*Prompt*: In the records below, find the line with "Dámské šaty M50627-CN03-1", then retype it and every following line exactly, stopping after the line with "Colonial dining |". Leave the pictures out.

[[ Data to process, beginning ]]

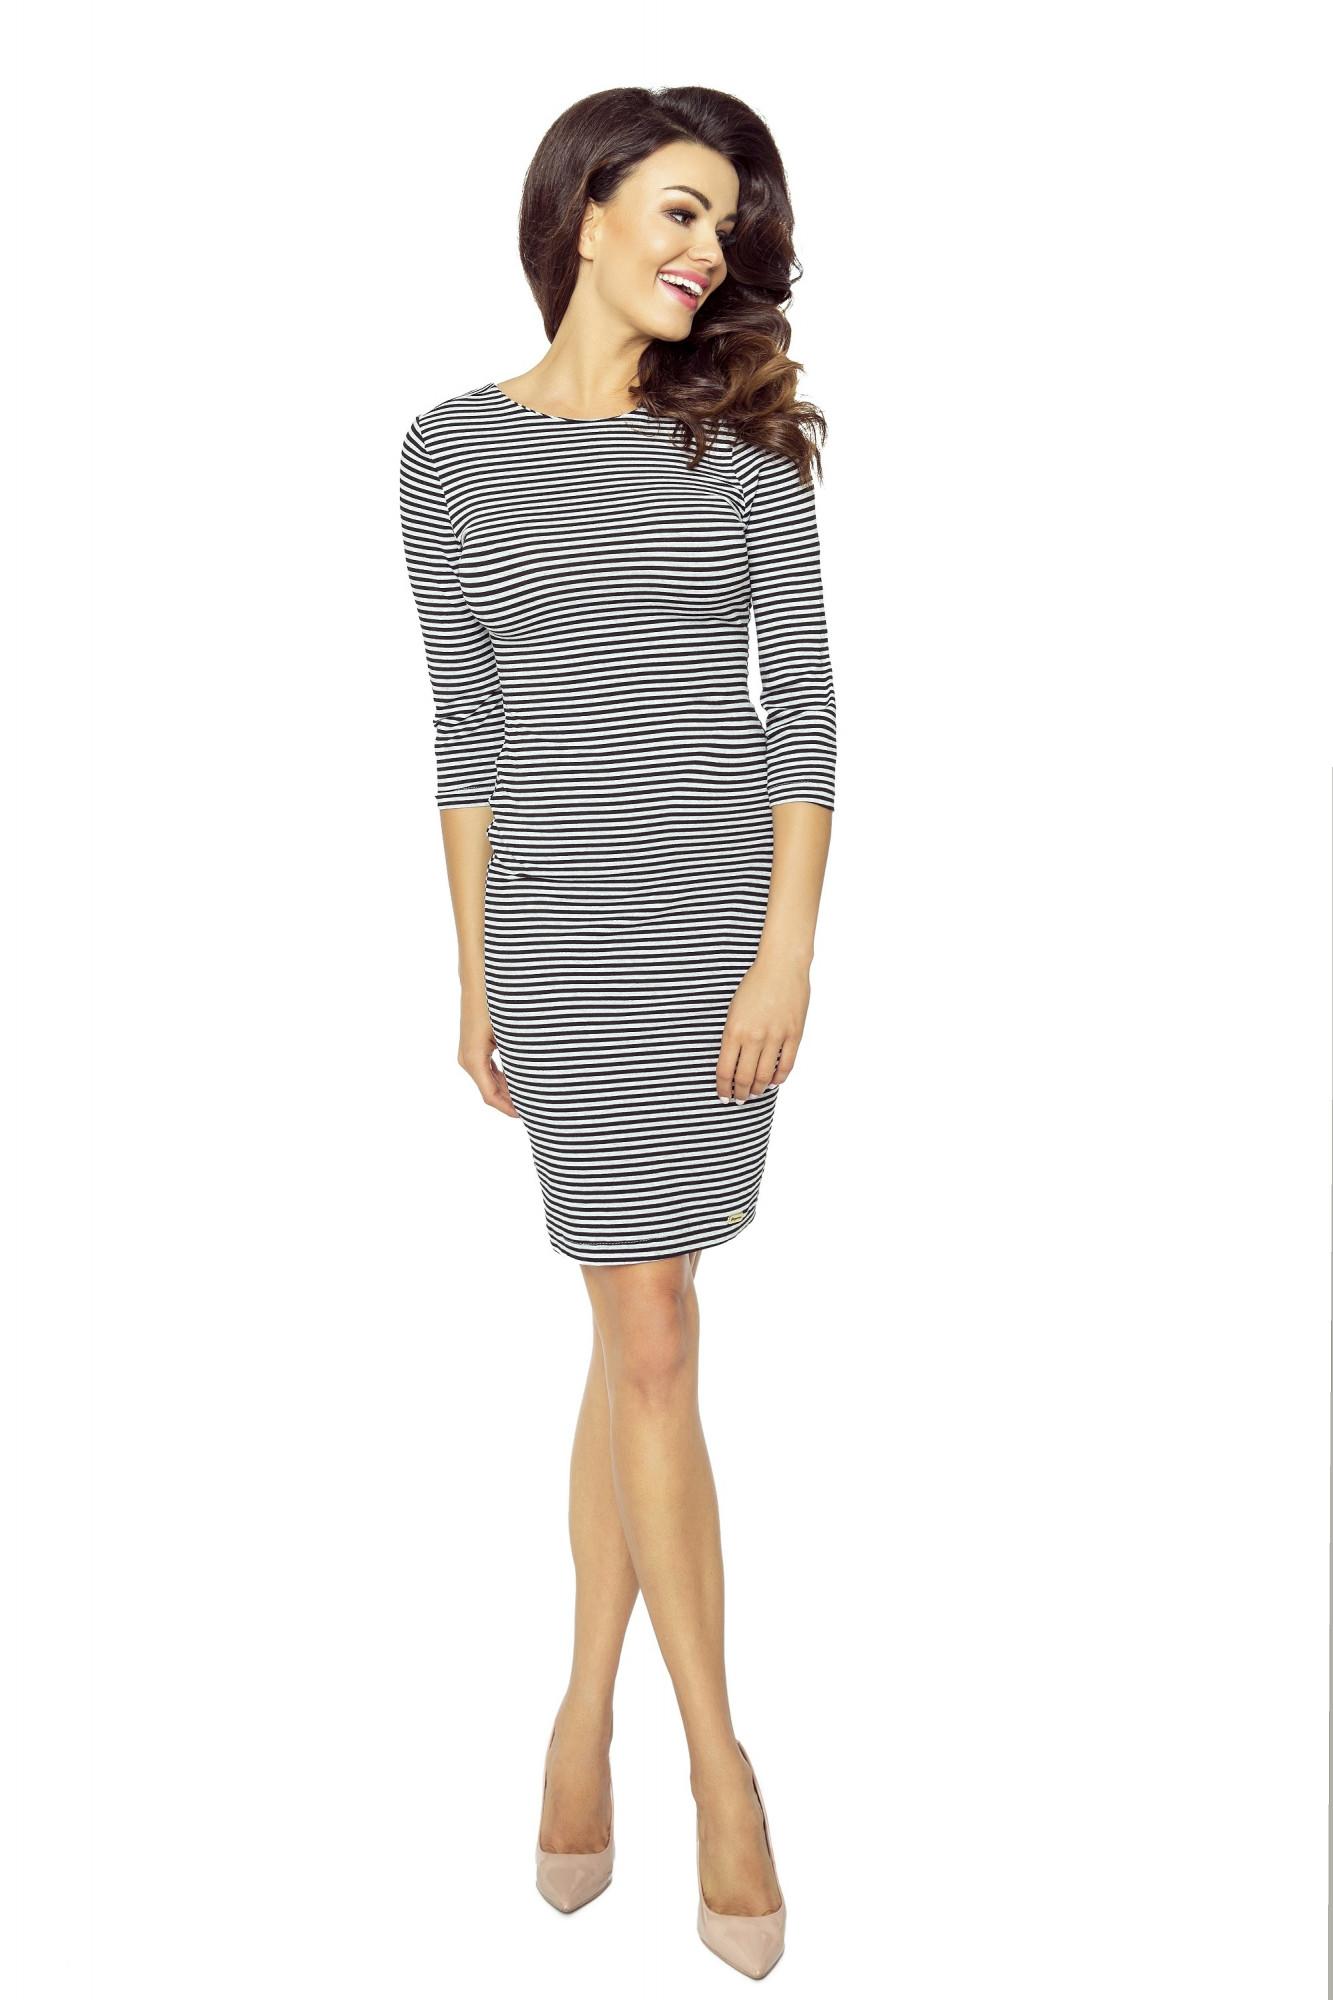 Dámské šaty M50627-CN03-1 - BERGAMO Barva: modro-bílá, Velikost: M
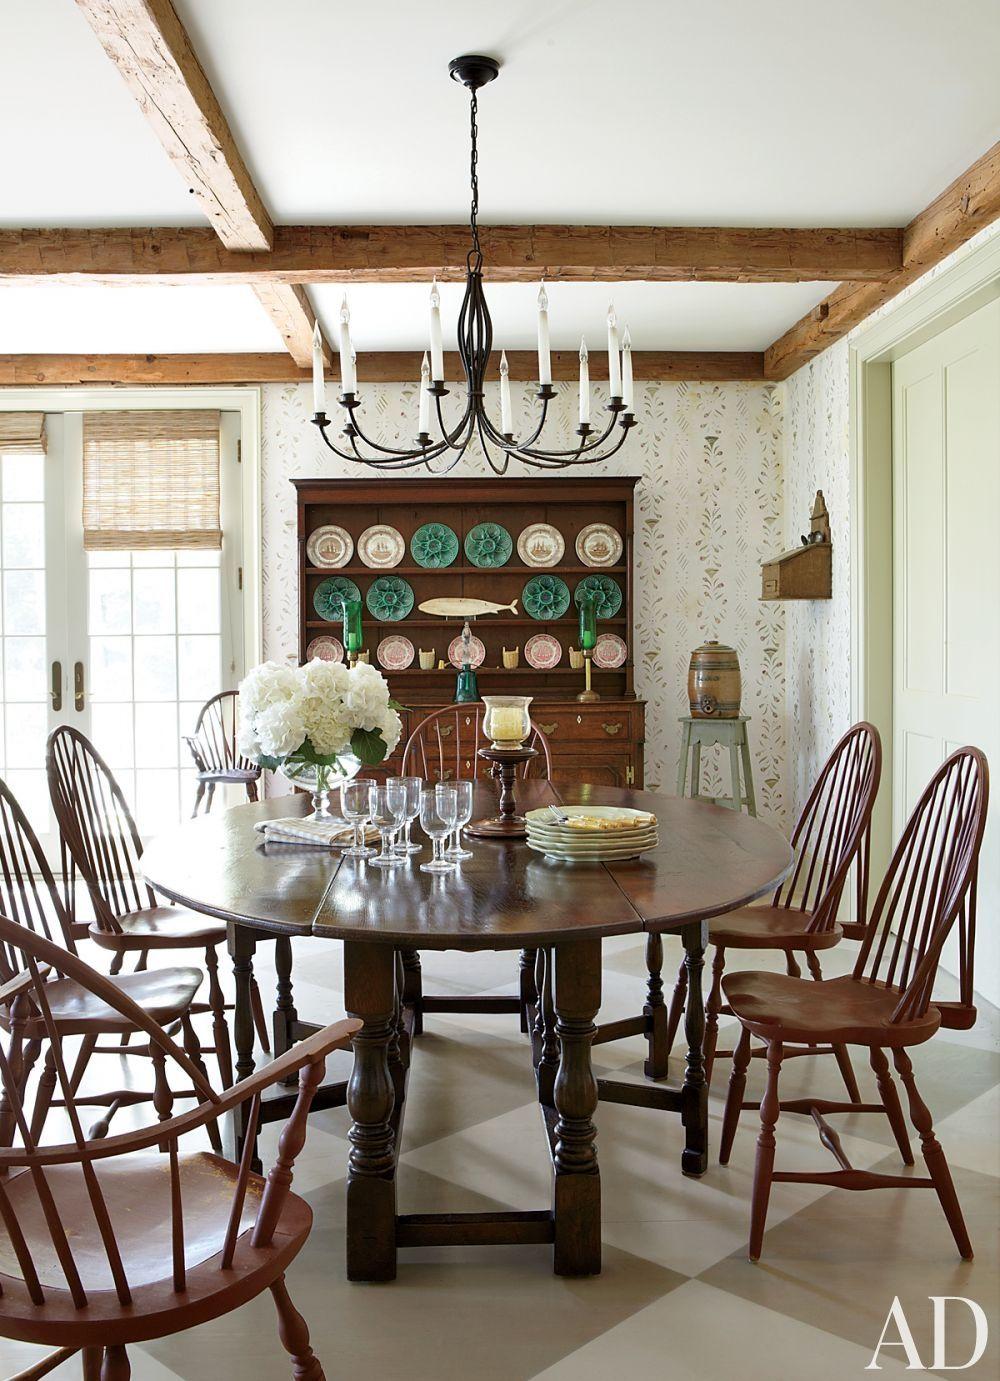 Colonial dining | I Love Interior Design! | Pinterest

[[ Data to process, end ]]
[[ Data to process, beginning ]]

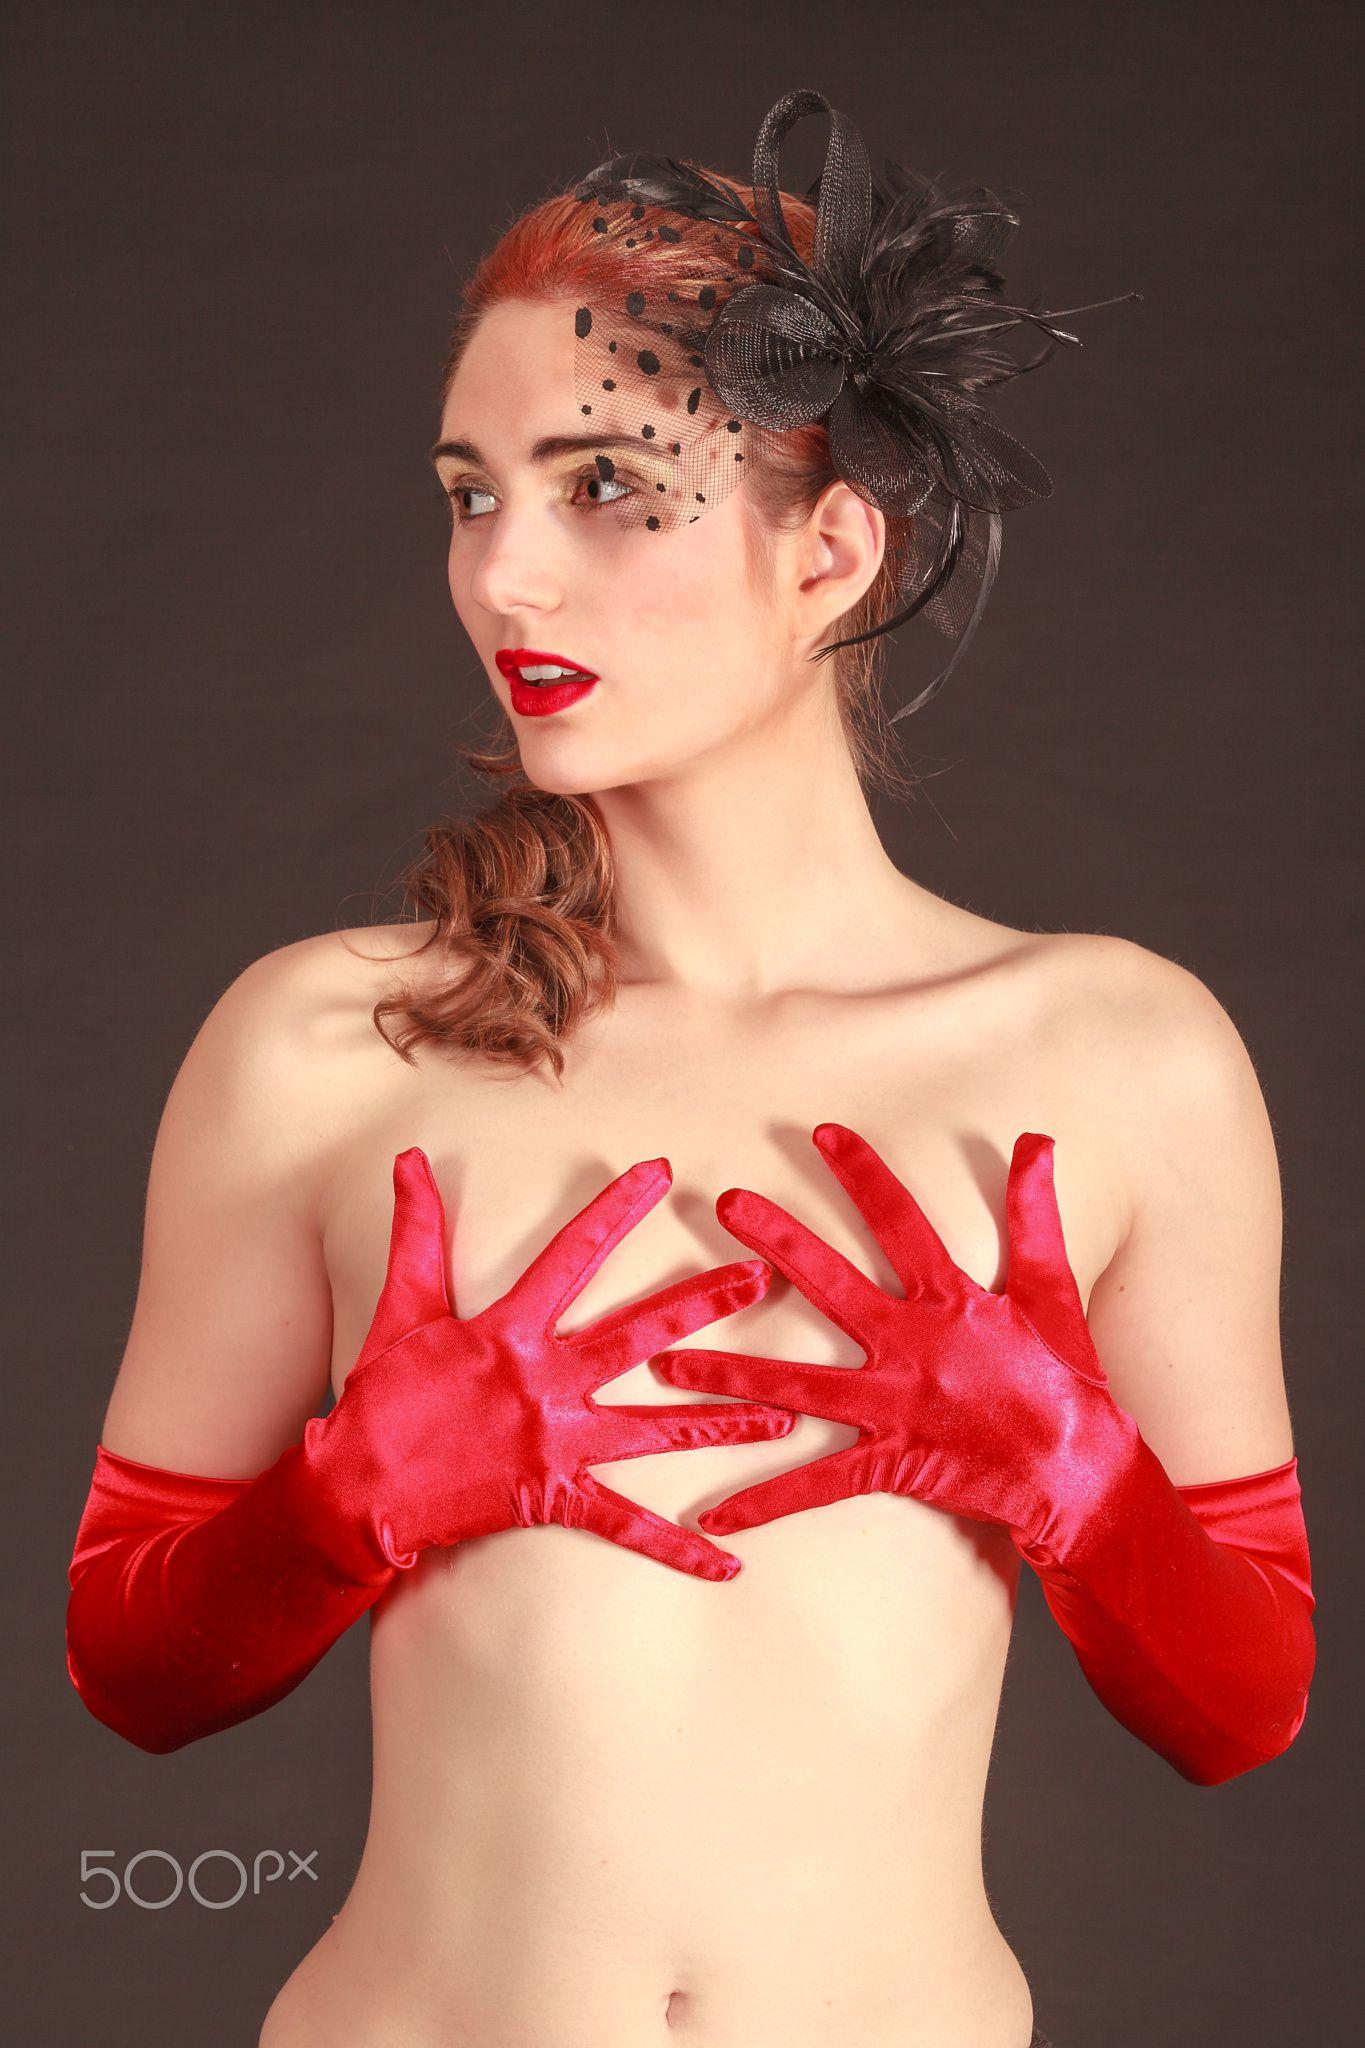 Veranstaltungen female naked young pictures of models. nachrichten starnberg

[[ Data to process, end ]]

*Output*:
 Dámské šaty M50627-CN03-1 - BERGAMO Barva: modro-bílá, Velikost: M
 Colonial dining | I Love Interior Design! | Pinterest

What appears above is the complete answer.